Given material ::
■ ■ ■ ■ ■

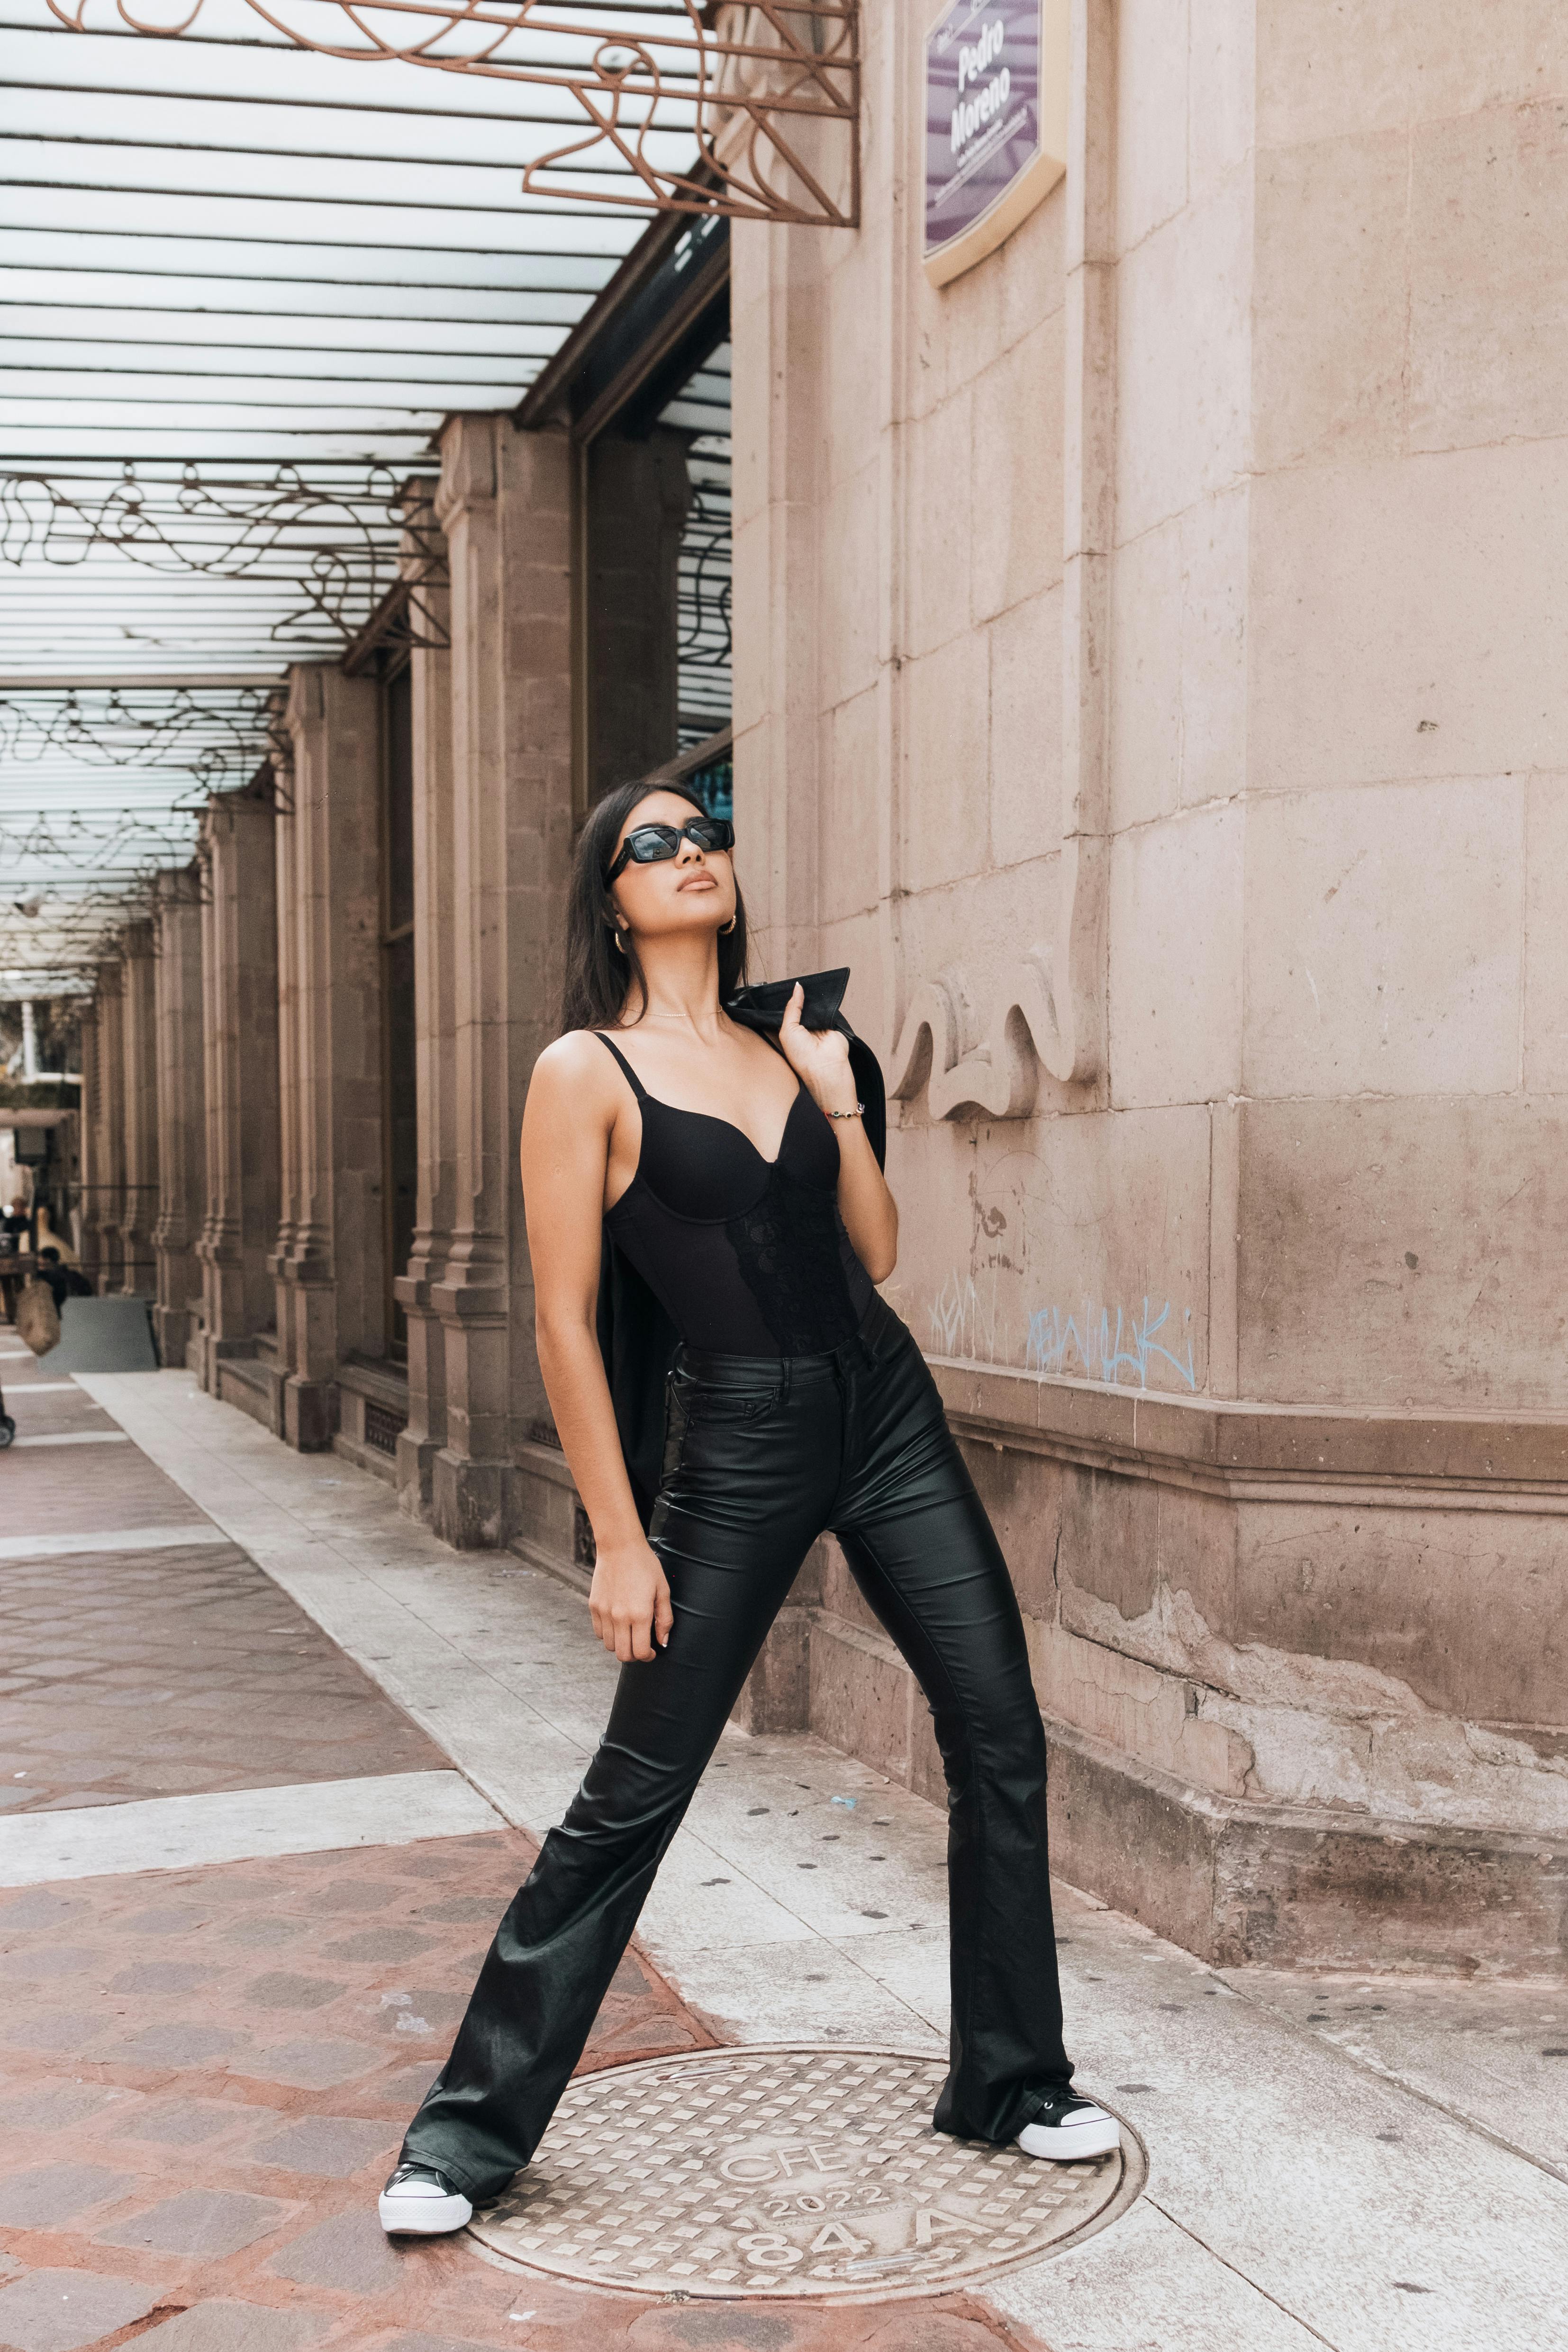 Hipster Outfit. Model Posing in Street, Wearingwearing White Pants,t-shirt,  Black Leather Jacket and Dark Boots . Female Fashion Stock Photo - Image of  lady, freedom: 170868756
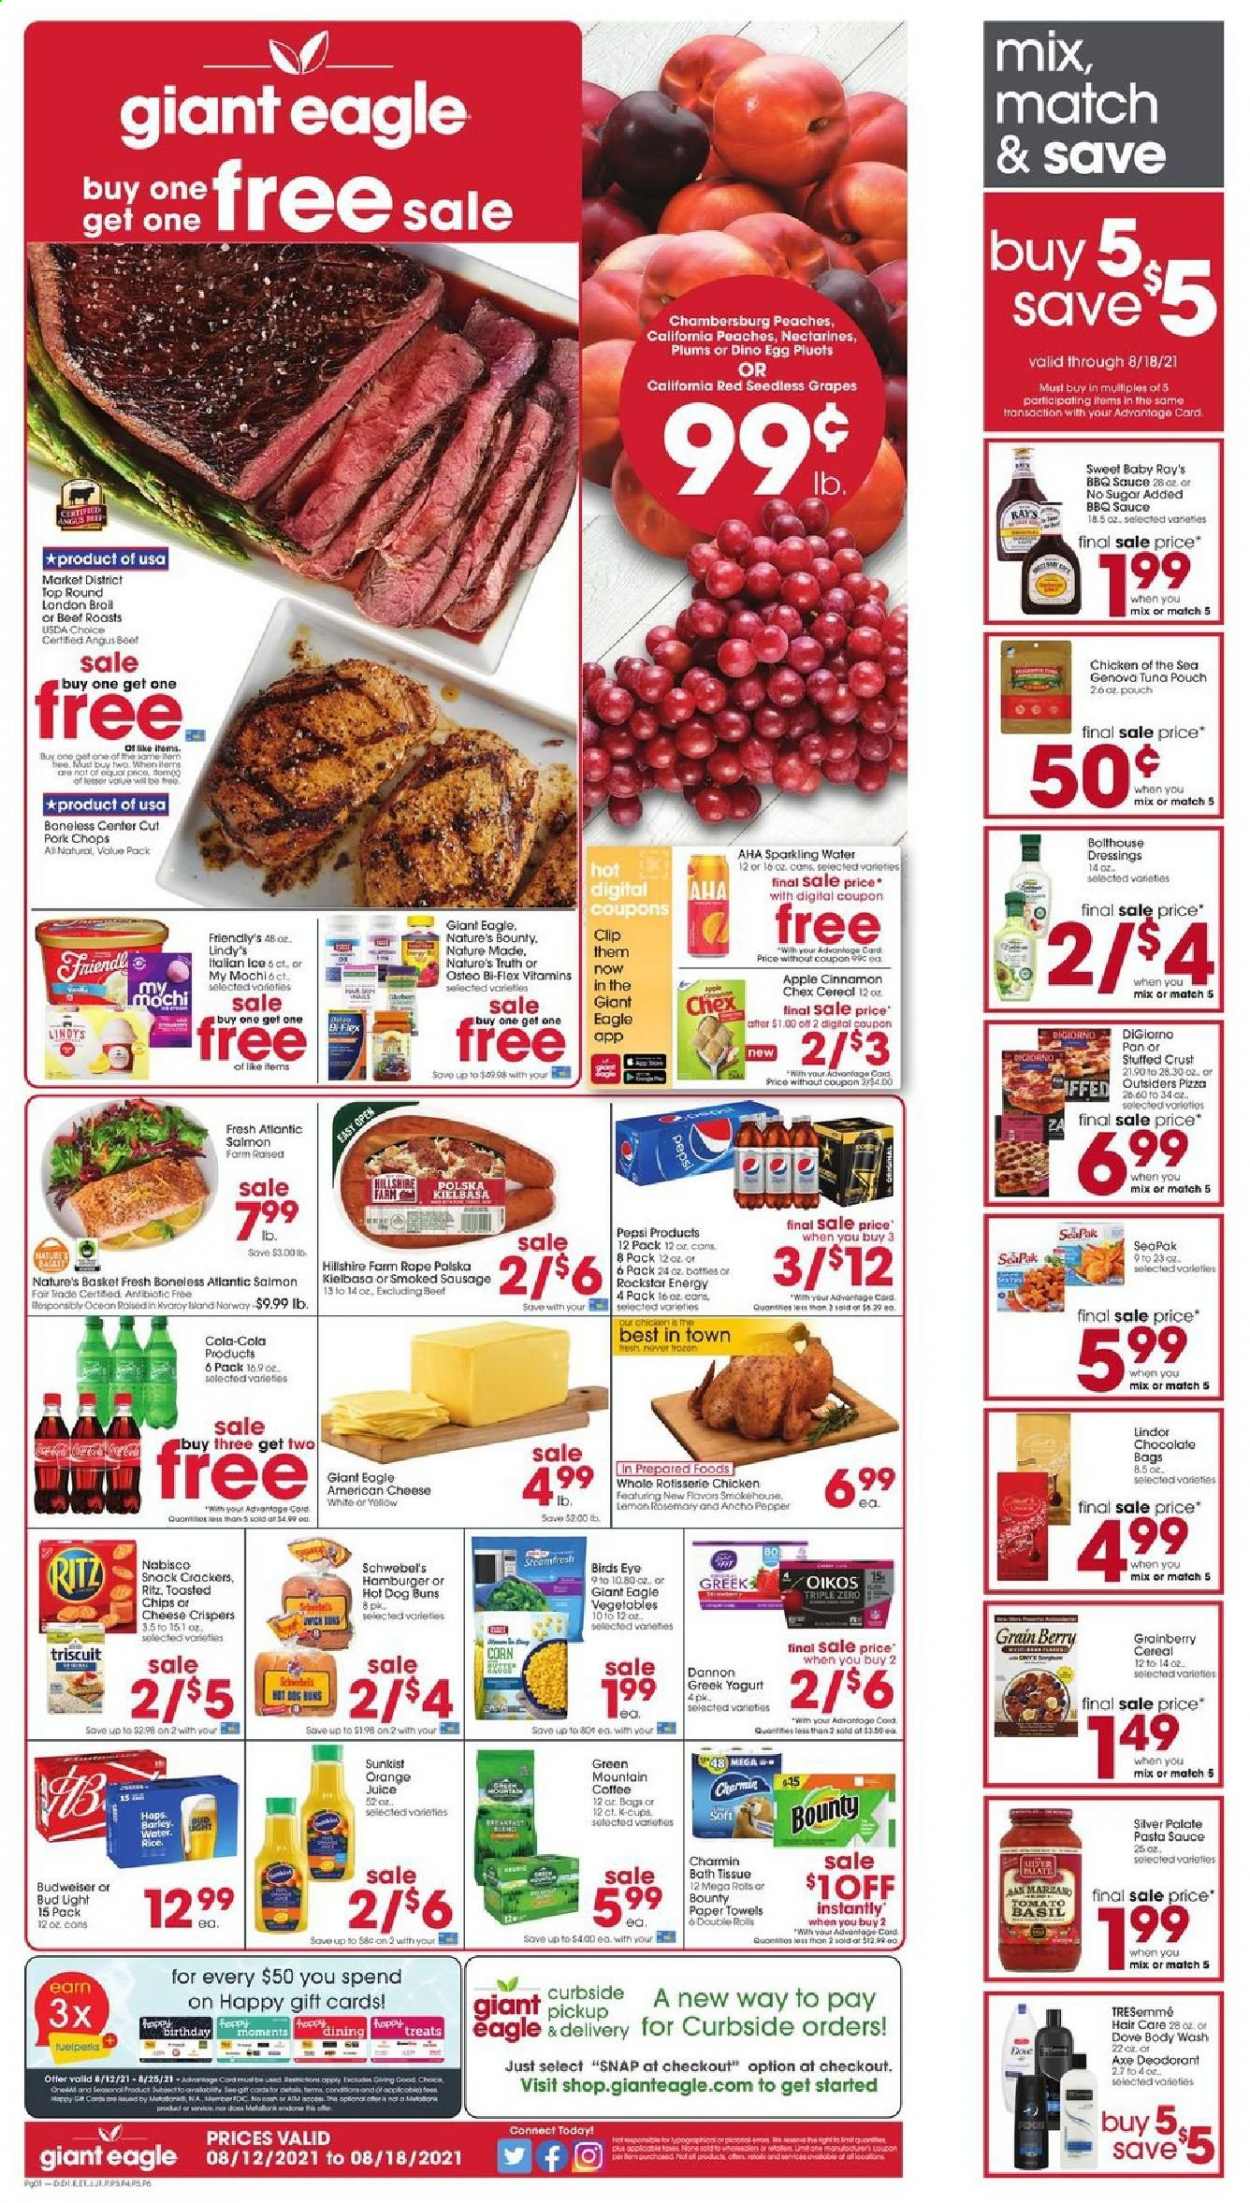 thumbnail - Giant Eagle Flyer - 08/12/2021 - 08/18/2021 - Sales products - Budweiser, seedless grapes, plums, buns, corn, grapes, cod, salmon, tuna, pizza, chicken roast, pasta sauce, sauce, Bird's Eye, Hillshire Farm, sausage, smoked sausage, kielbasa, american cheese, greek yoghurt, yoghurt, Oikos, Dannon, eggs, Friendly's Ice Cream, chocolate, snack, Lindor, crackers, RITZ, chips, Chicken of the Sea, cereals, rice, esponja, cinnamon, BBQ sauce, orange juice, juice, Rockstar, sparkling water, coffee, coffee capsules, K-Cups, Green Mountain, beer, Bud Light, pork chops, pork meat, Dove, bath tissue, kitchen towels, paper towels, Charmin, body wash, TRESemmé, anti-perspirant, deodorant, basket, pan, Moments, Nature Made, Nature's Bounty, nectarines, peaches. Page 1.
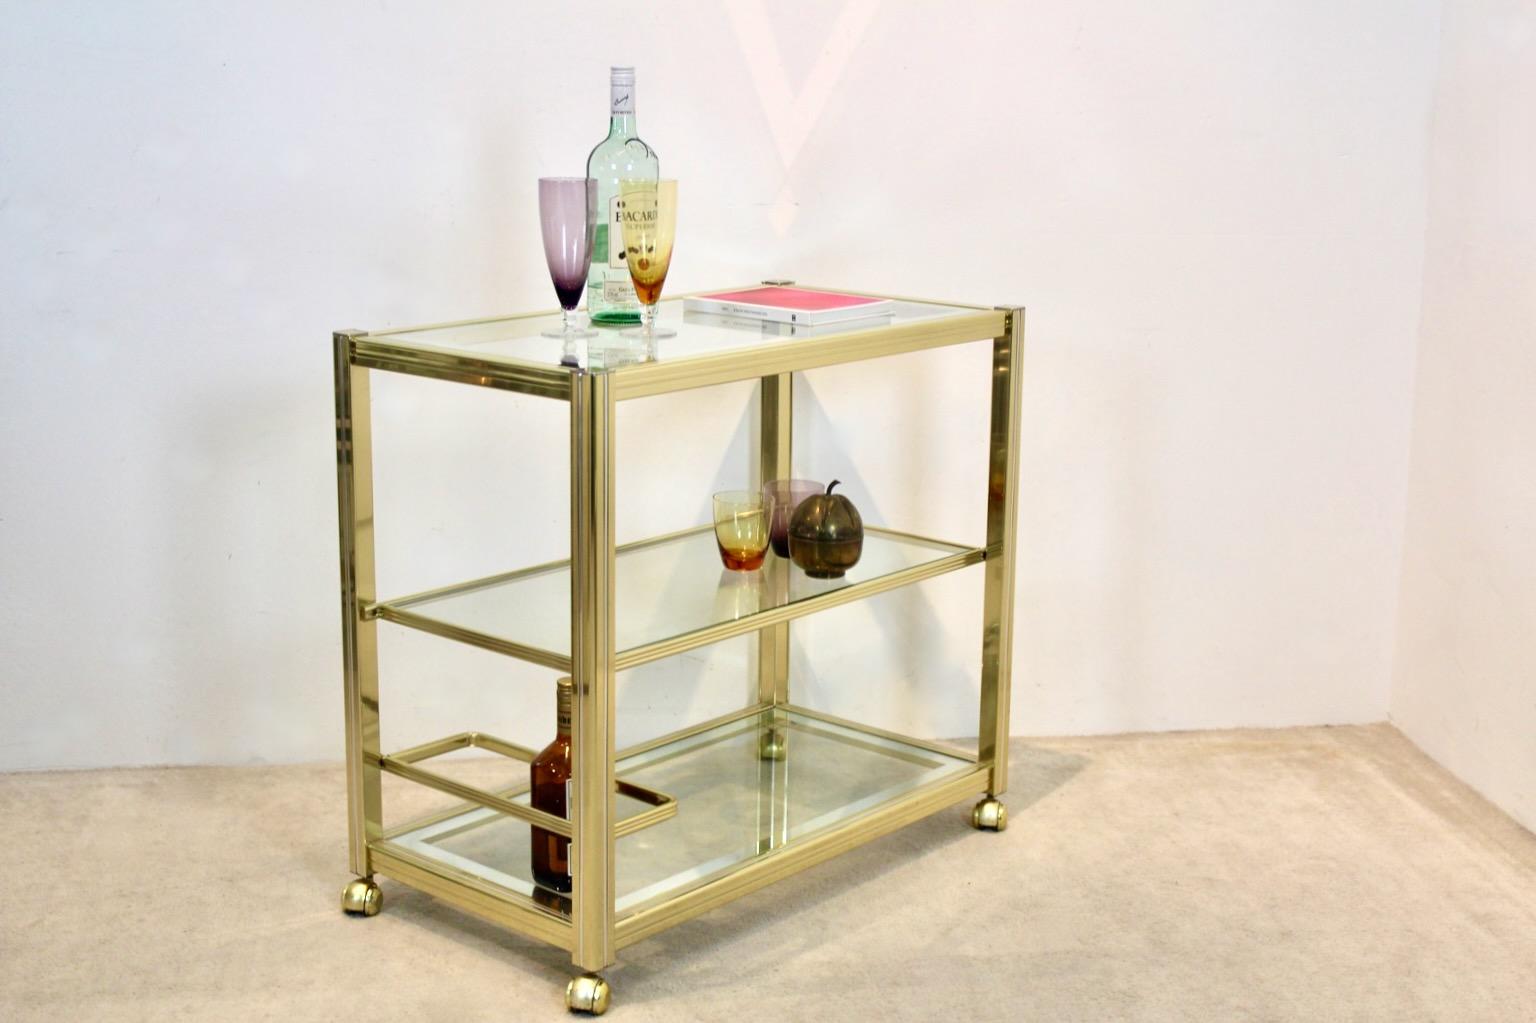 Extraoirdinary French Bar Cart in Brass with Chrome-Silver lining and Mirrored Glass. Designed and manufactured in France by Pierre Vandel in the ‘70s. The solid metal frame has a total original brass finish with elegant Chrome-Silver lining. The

■ ■ ■ ■ ■

Required work ::
With the pictures left out, output exactly the lines that begin at the line containing "thumbnail - Giant" and end at the last line of the material.

Result for this task ::
 thumbnail - Giant Eagle Flyer - 08/12/2021 - 08/18/2021 - Sales products - Budweiser, seedless grapes, plums, buns, corn, grapes, cod, salmon, tuna, pizza, chicken roast, pasta sauce, sauce, Bird's Eye, Hillshire Farm, sausage, smoked sausage, kielbasa, american cheese, greek yoghurt, yoghurt, Oikos, Dannon, eggs, Friendly's Ice Cream, chocolate, snack, Lindor, crackers, RITZ, chips, Chicken of the Sea, cereals, rice, esponja, cinnamon, BBQ sauce, orange juice, juice, Rockstar, sparkling water, coffee, coffee capsules, K-Cups, Green Mountain, beer, Bud Light, pork chops, pork meat, Dove, bath tissue, kitchen towels, paper towels, Charmin, body wash, TRESemmé, anti-perspirant, deodorant, basket, pan, Moments, Nature Made, Nature's Bounty, nectarines, peaches. Page 1.
 Extraoirdinary French Bar Cart in Brass with Chrome-Silver lining and Mirrored Glass. Designed and manufactured in France by Pierre Vandel in the ‘70s. The solid metal frame has a total original brass finish with elegant Chrome-Silver lining. The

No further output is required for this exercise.